PROVIDED INFORMATION section start

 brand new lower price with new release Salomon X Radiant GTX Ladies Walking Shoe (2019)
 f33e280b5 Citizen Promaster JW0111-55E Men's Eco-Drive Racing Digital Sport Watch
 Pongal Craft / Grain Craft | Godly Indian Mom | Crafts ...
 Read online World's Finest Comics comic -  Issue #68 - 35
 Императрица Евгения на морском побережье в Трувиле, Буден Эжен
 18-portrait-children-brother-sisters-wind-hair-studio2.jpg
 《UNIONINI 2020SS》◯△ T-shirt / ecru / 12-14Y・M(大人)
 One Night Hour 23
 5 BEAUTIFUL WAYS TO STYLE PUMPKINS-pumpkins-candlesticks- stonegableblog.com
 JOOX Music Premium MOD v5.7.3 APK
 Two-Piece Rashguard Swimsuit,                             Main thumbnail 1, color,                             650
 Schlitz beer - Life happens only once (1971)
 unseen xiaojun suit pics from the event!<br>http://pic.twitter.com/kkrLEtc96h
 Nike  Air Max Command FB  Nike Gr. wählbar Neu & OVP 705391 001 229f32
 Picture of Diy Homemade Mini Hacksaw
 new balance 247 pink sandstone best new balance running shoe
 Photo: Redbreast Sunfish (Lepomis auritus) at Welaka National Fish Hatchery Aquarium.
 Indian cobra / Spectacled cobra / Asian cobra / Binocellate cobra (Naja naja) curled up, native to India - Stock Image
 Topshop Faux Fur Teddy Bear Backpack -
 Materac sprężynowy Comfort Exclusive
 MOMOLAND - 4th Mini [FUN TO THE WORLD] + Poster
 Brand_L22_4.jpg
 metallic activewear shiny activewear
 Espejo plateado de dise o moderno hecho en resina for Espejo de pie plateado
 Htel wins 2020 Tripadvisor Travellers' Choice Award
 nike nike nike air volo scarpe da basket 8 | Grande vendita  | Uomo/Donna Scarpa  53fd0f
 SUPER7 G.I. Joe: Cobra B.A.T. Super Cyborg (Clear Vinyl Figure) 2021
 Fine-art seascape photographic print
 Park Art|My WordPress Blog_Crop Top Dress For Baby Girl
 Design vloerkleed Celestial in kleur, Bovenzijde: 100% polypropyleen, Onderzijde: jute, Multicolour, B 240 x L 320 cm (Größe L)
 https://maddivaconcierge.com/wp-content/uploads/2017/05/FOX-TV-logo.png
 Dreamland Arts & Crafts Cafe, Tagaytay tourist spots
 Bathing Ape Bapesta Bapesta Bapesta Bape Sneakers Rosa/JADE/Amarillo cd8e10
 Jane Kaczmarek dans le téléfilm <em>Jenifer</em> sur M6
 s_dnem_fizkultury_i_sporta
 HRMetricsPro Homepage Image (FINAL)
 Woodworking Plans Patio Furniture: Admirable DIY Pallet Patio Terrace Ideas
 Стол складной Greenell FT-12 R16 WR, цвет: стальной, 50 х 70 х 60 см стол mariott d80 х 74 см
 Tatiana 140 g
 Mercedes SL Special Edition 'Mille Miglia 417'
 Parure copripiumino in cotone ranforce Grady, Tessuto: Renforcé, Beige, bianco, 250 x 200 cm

PROVIDED INFORMATION section end

TASK TO CARRY OUT: Look back at the entries above and repeat, unchanged, every line from the line holding "5 BEAUTIFUL WAYS" through the line holding "705391 001 229f32".

SOLUTION TO THIS TASK:
 5 BEAUTIFUL WAYS TO STYLE PUMPKINS-pumpkins-candlesticks- stonegableblog.com
 JOOX Music Premium MOD v5.7.3 APK
 Two-Piece Rashguard Swimsuit,                             Main thumbnail 1, color,                             650
 Schlitz beer - Life happens only once (1971)
 unseen xiaojun suit pics from the event!<br>http://pic.twitter.com/kkrLEtc96h
 Nike  Air Max Command FB  Nike Gr. wählbar Neu & OVP 705391 001 229f32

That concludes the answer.